I used to draw people’s heads in heart shapes, and I also made a terra-cotta “Ding” vessel where the holder was my face. (A ding vessel is an ancient Chinese vessel with three legs.) I still have the thing.
What is the greatest threat to humanity?
Global warming and plastic pollution — and also the cheeto.
Do you prefer spilling the tea or throwing shade?
Tea parties with the pinkies up.
What is your all-time favorite work of art?
My memories are in patches and my desires are perennial. In my mind I’m swiping through Patty Chang’s “In Love,” Constantin Brâncusi’s “Princess X,” Isamu Noguchi’s “Bivalve,” or his “The Letter One,” or his “Planet In Transit #1,” etc.. Janine Antoni’s “Lick and Lather,” Rachel Lachowicz’s “Lipstick Cube,” Song Dynasty [jade] burial suits and orifice plugs, the meat-shaped Jasper stone in the Taiwan National Palace Museum. There’s so many.
What are your plans for pride month?
Leave NYC and its corporate pride parade and go to cities where brands like Zara and H&M fears to align themselves with the pink money. I get so angry at their hypocrisy.

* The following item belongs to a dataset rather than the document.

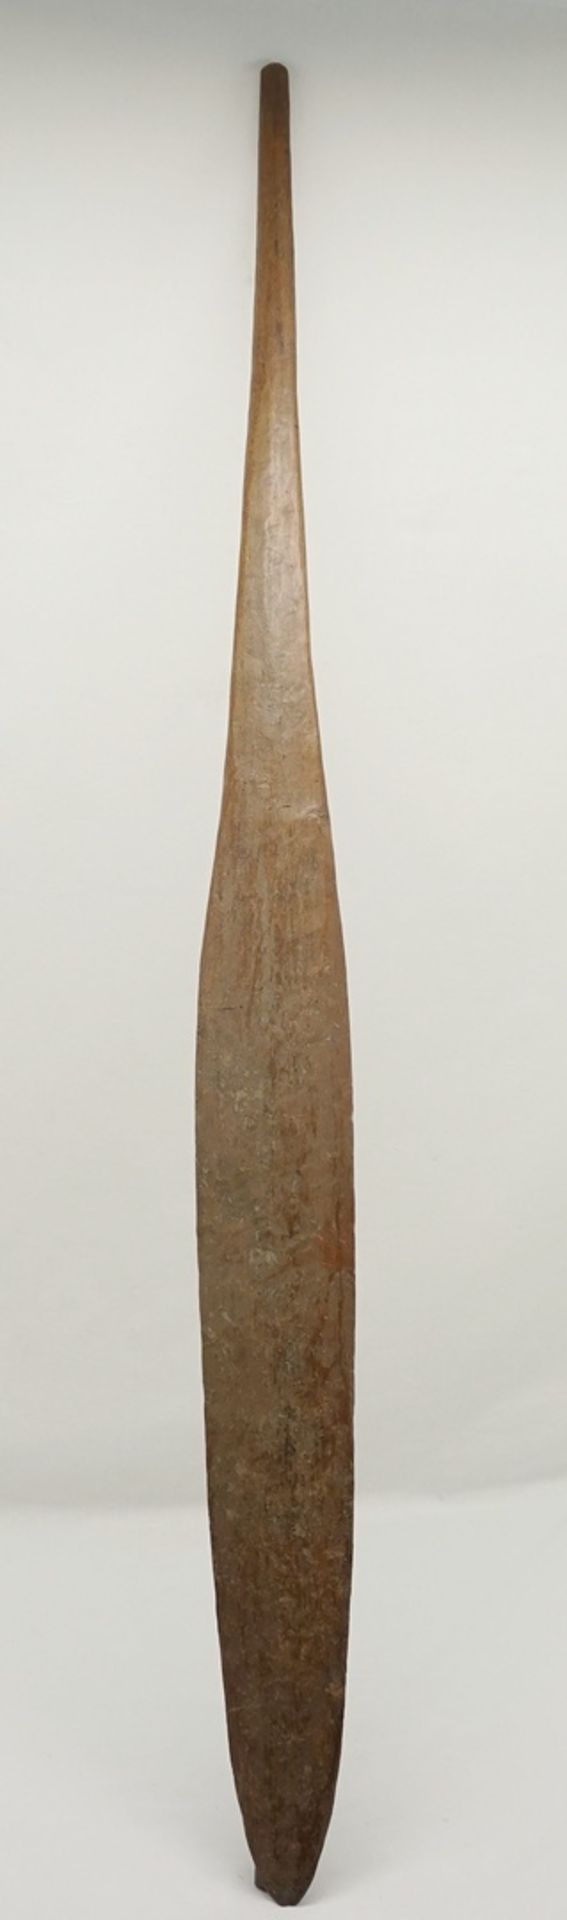 Paddel Australien, 19. Jh.Holz mit brauner Patina, alter Sammlungsaufkleber "Australien 111" und
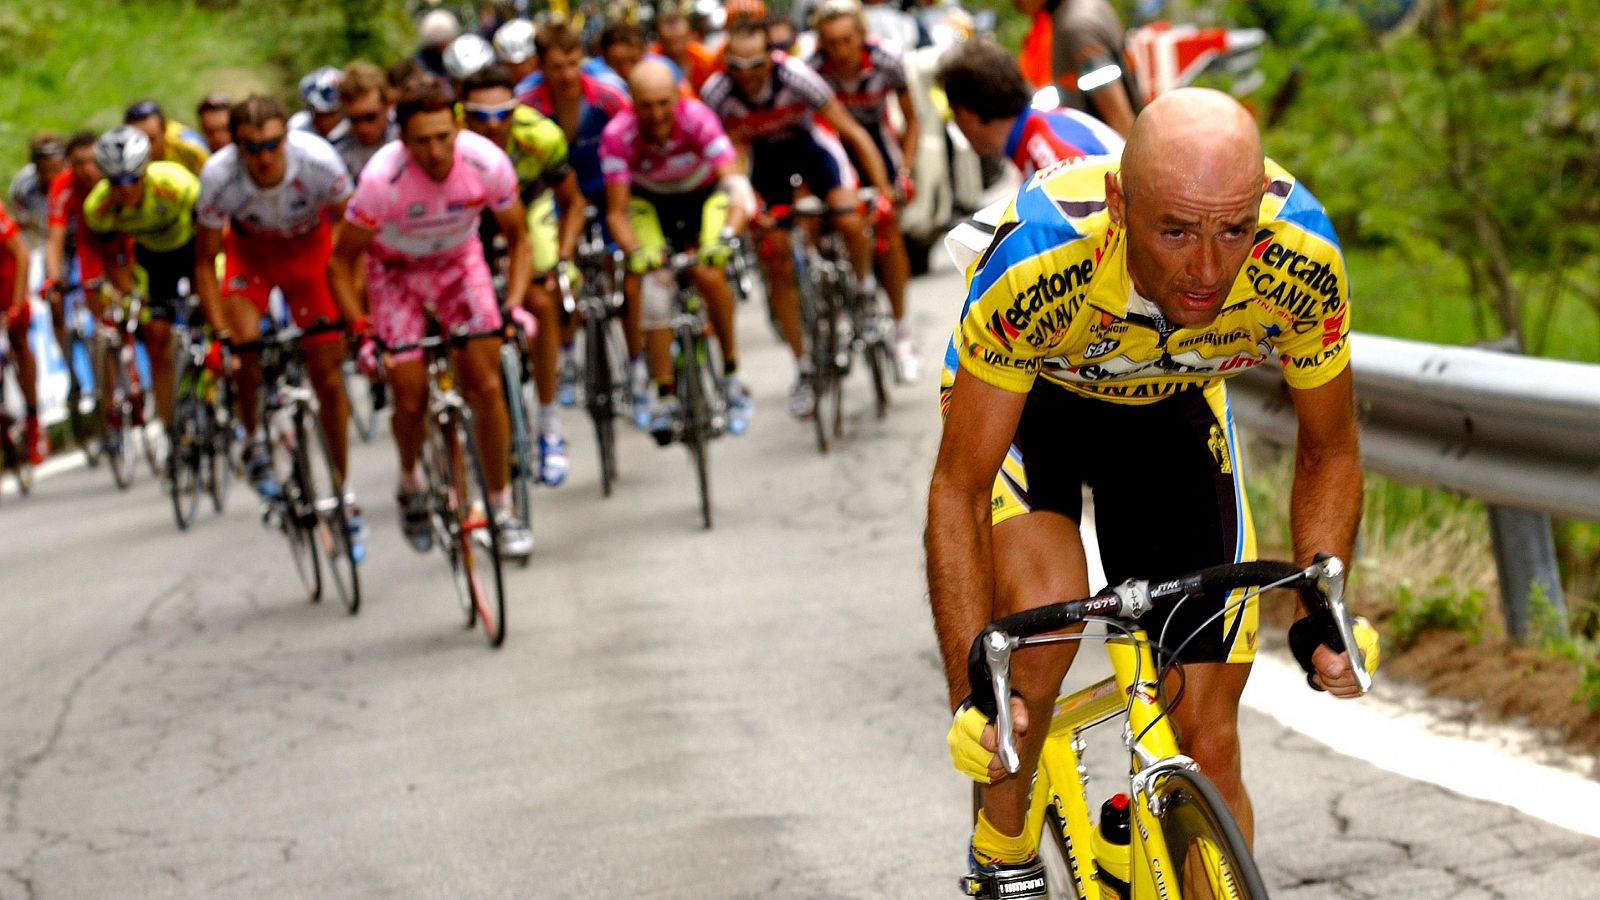 Ciclismo | Se cumplen 20 años desde la muerte de Marco Pantani

What is the future of queerness?
“Queerness is not yet here. Queerness is an ideality. Put it another way, we are not yet queer” — Cruising Utopia: The Then and There of Queer Futurity by José Esteban Muñoz
Back in my day…
Pokemon was in 2D and summers never hit past 40°C (104°F).
Name one guilty pleasure.
Carbohydrates from any and all cultures.
Greatest queer icon of the internet: Babadook, Momo, or a pervading sense of existential angst?
A pervading sense of existential angst.
Is there enough support for queer artists where you live?
No, not in New York and especially not where I’m from, which is Hong Kong.
How do you stay cool during the summer?
I leave New York.
What is your favorite type of milk?
This is the whitest question. I’m not going to fall into the trap.